→ WORK ORDER: Reproduce every line of the material below exactly. No pictures belong in the copy.

(MATERIAL PROVIDED begins)

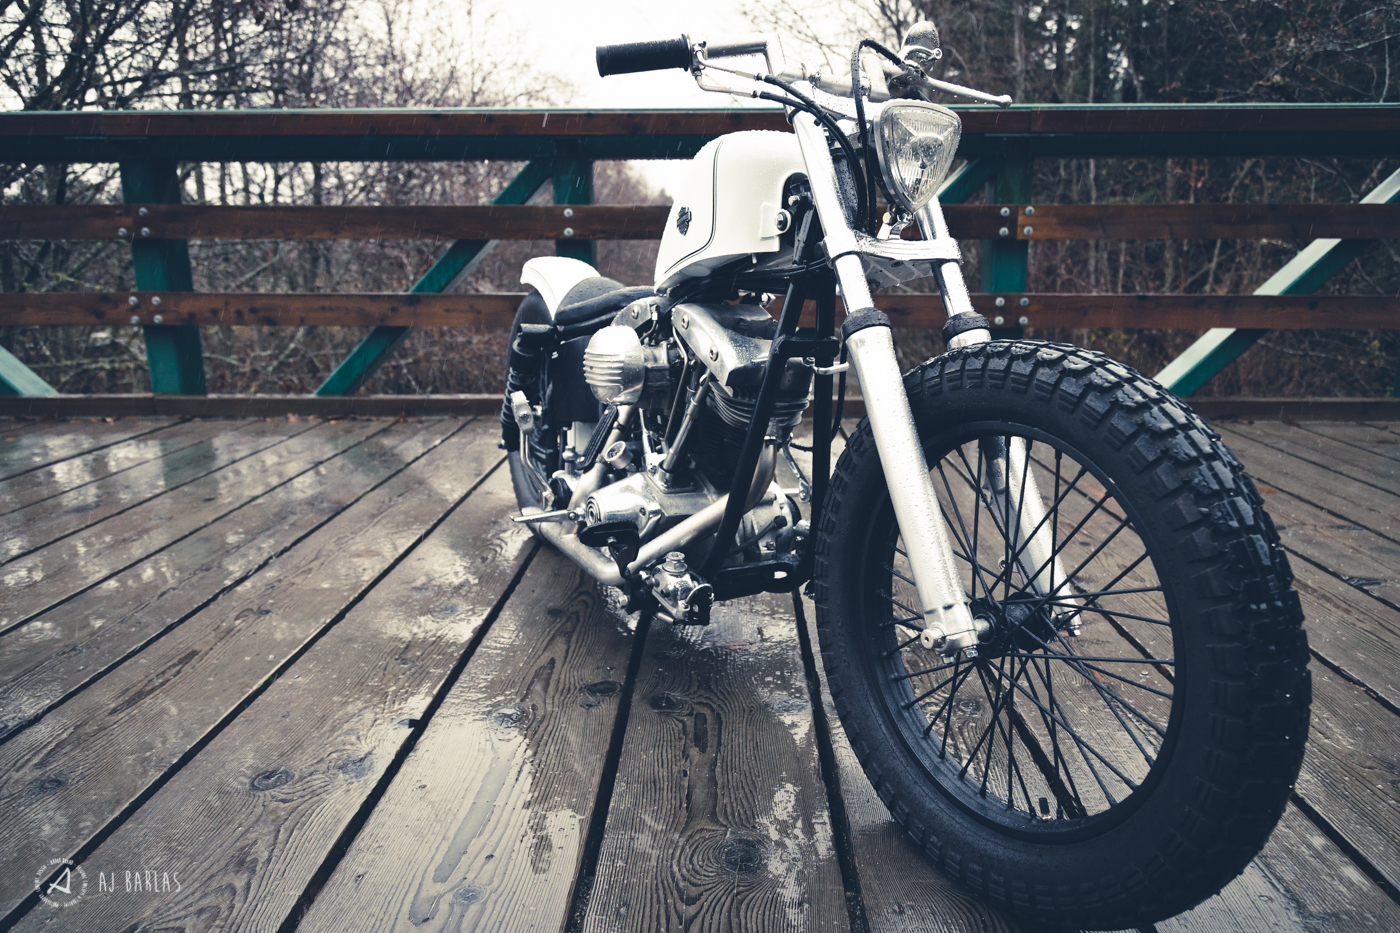 Todd Schumlick's custom 1975 Harley Davidson Period Incorrect Shovelhead
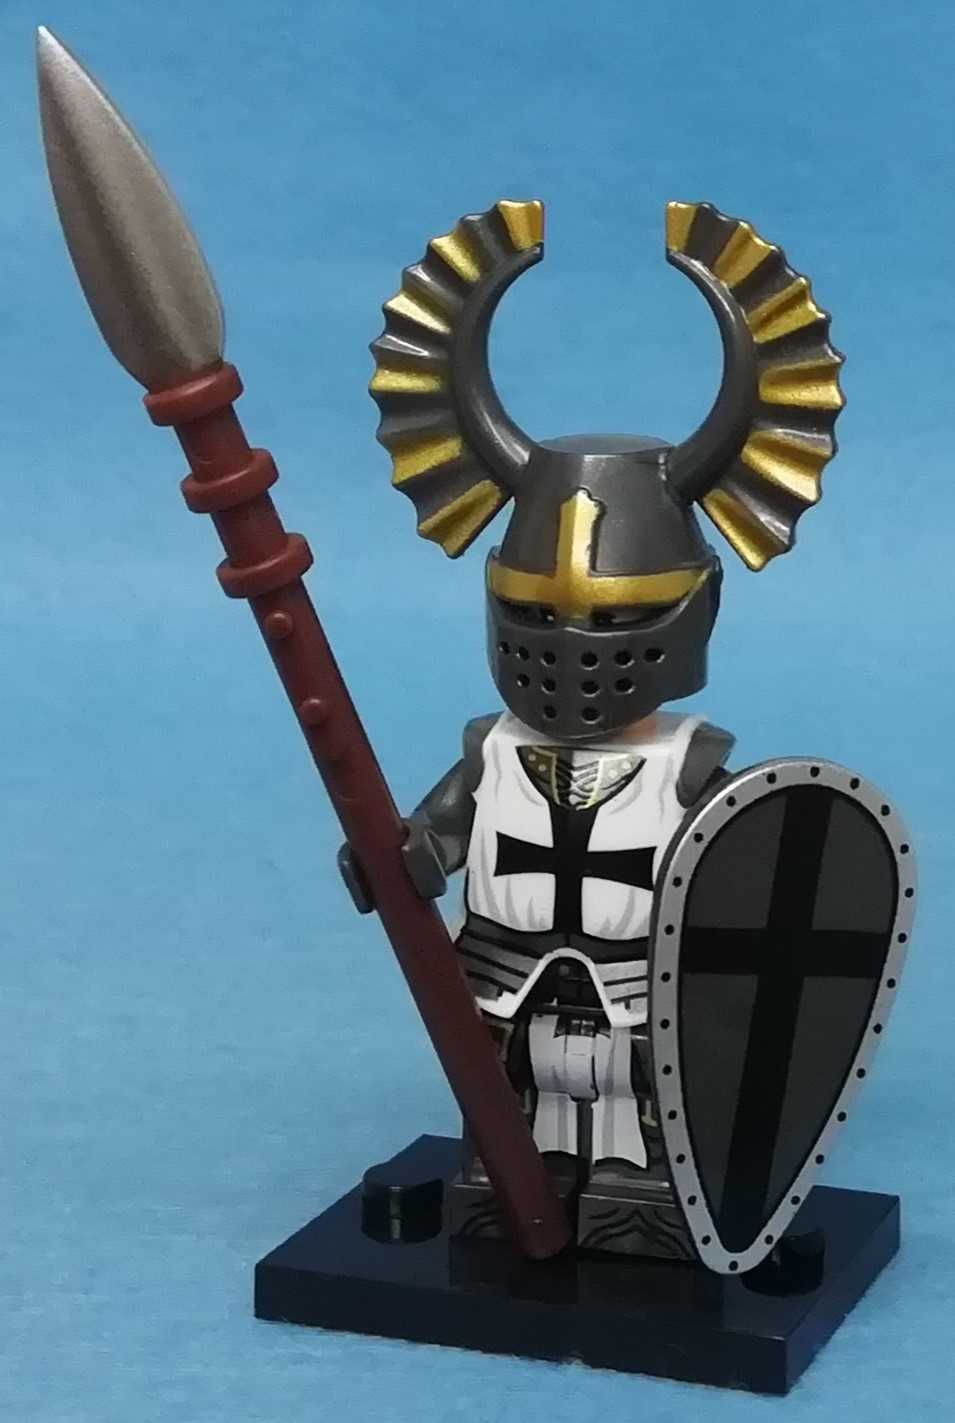 Teutonic Knight (Tempos Antigos)
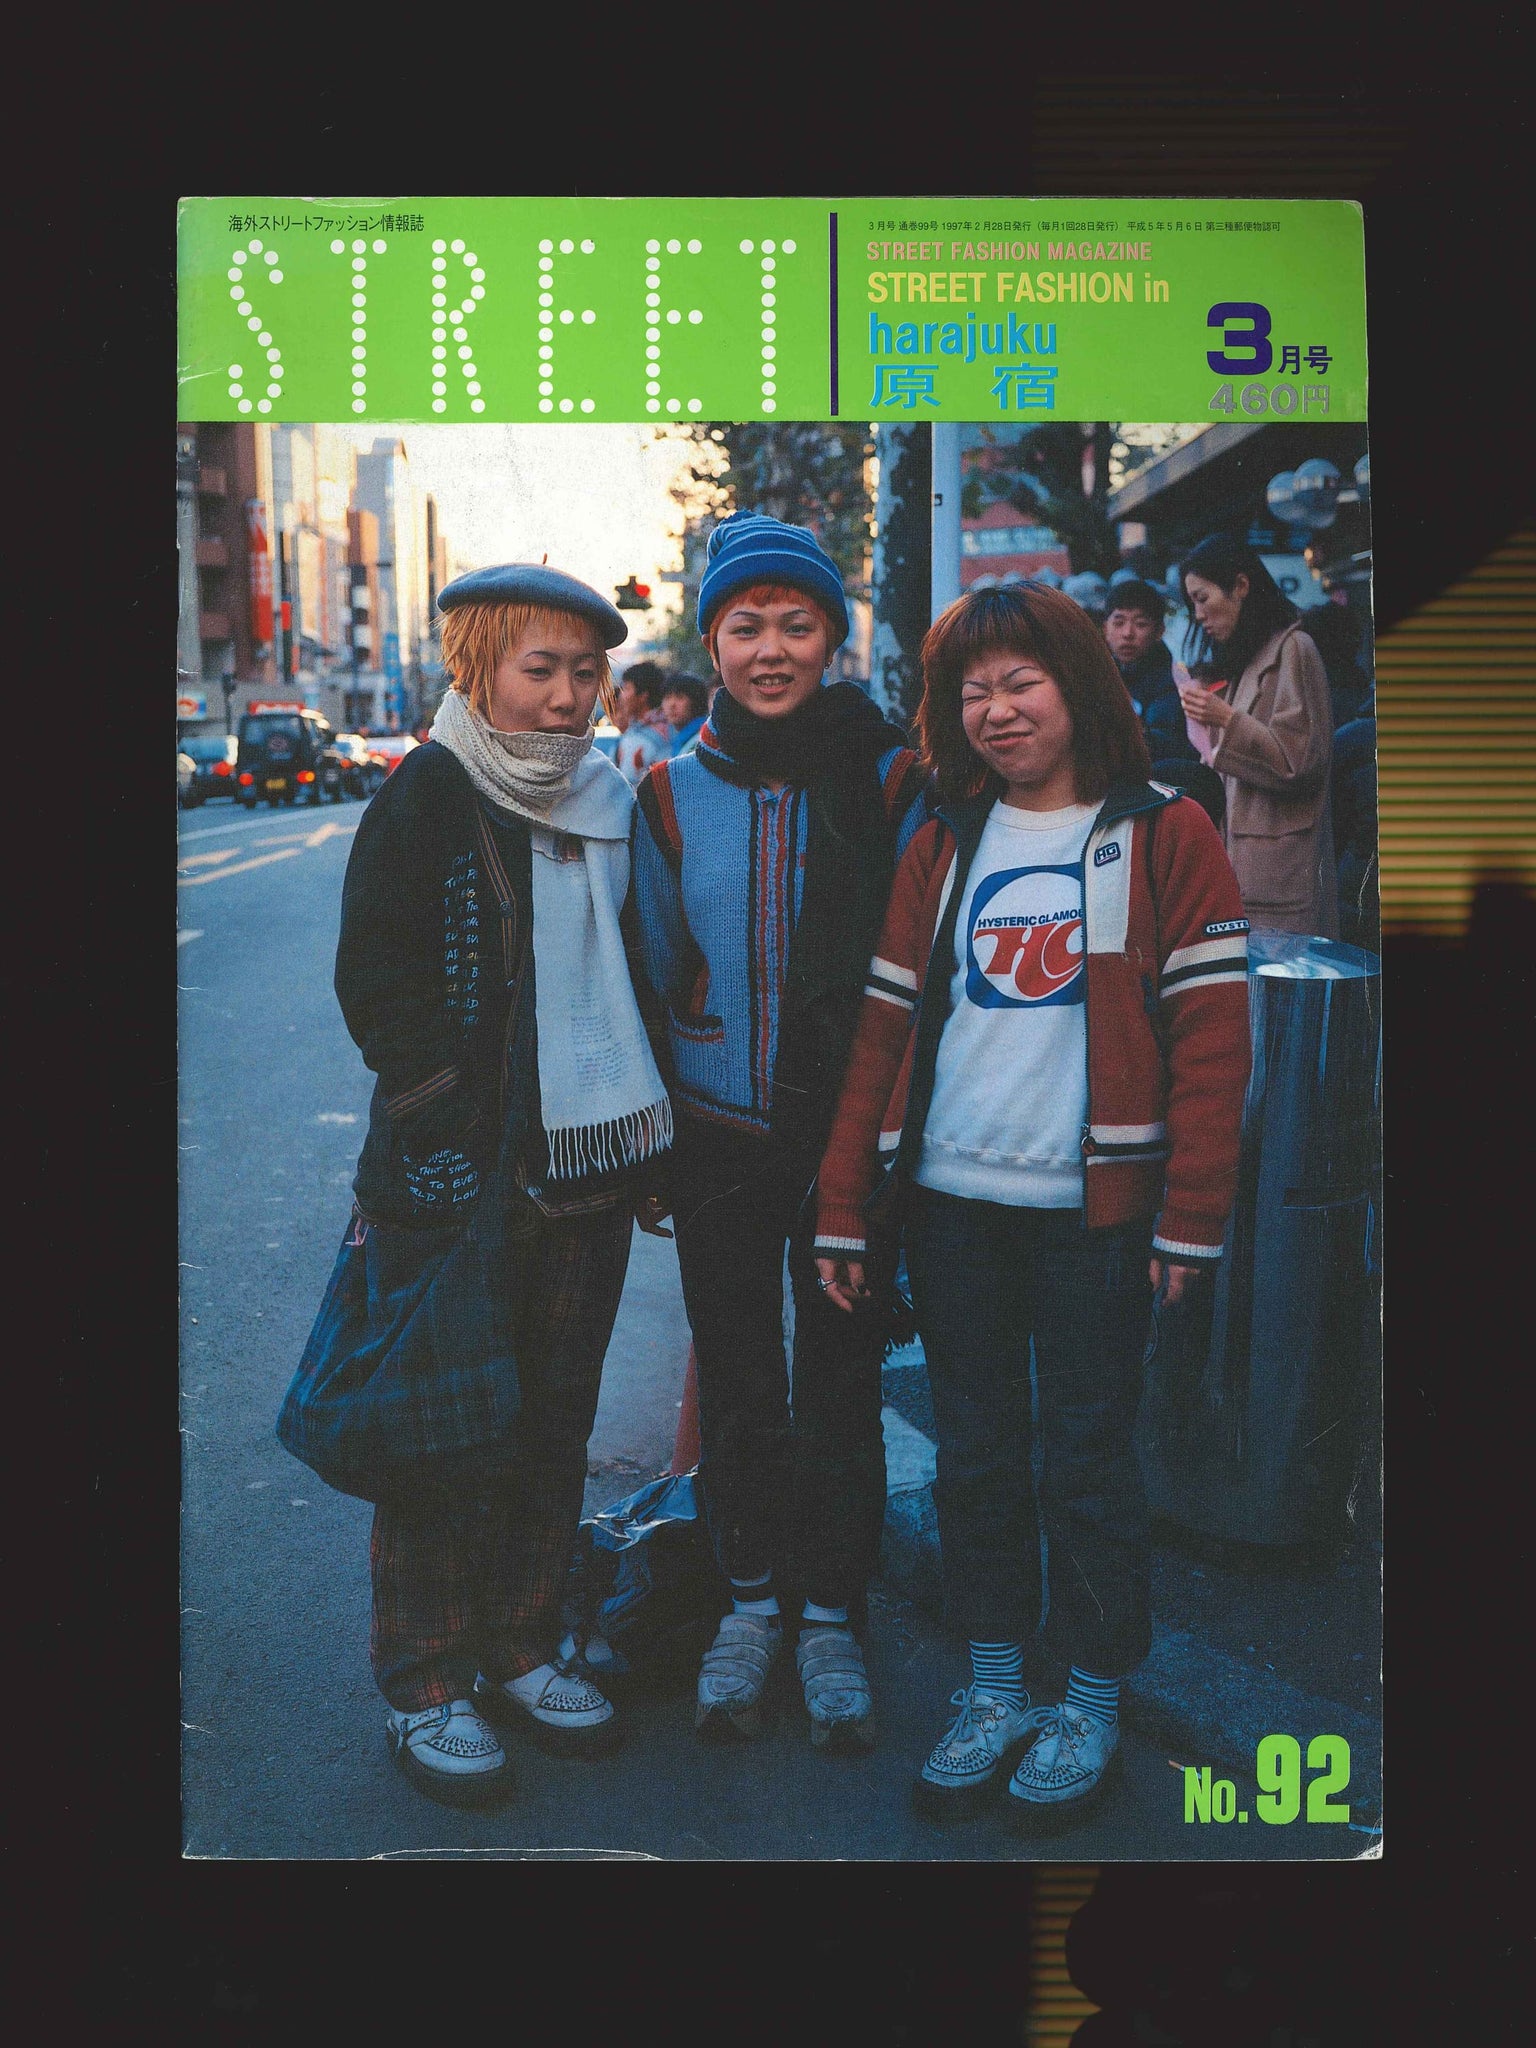 STREET magazine no. 92 / march 1997 / street fashion in harajuku / Shoichi Aoki
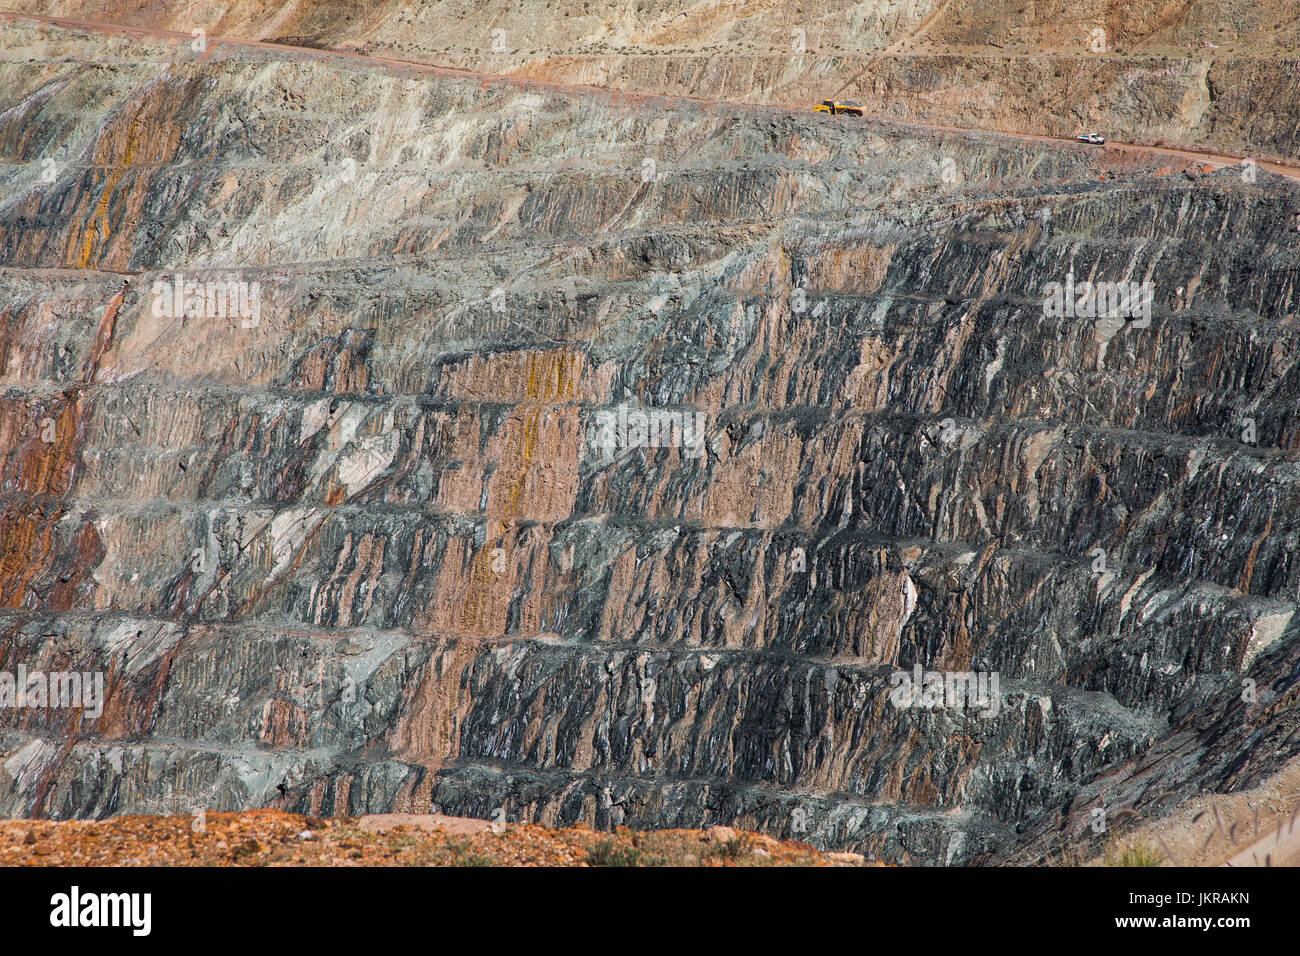 Full frame shot della miniera a cielo aperto, Kalgoorlie, Australia occidentale, Australia Foto Stock

(MATERIAL PROVIDED ends)

→ ANSWER SPACE:
 Todd Schumlick's custom 1975 Harley Davidson Period Incorrect Shovelhead
 Teutonic Knight (Tempos Antigos)
 STREET magazine no. 92 / march 1997 / street fashion in harajuku / Shoichi Aoki
 Full frame shot della miniera a cielo aperto, Kalgoorlie, Australia occidentale, Australia Foto Stock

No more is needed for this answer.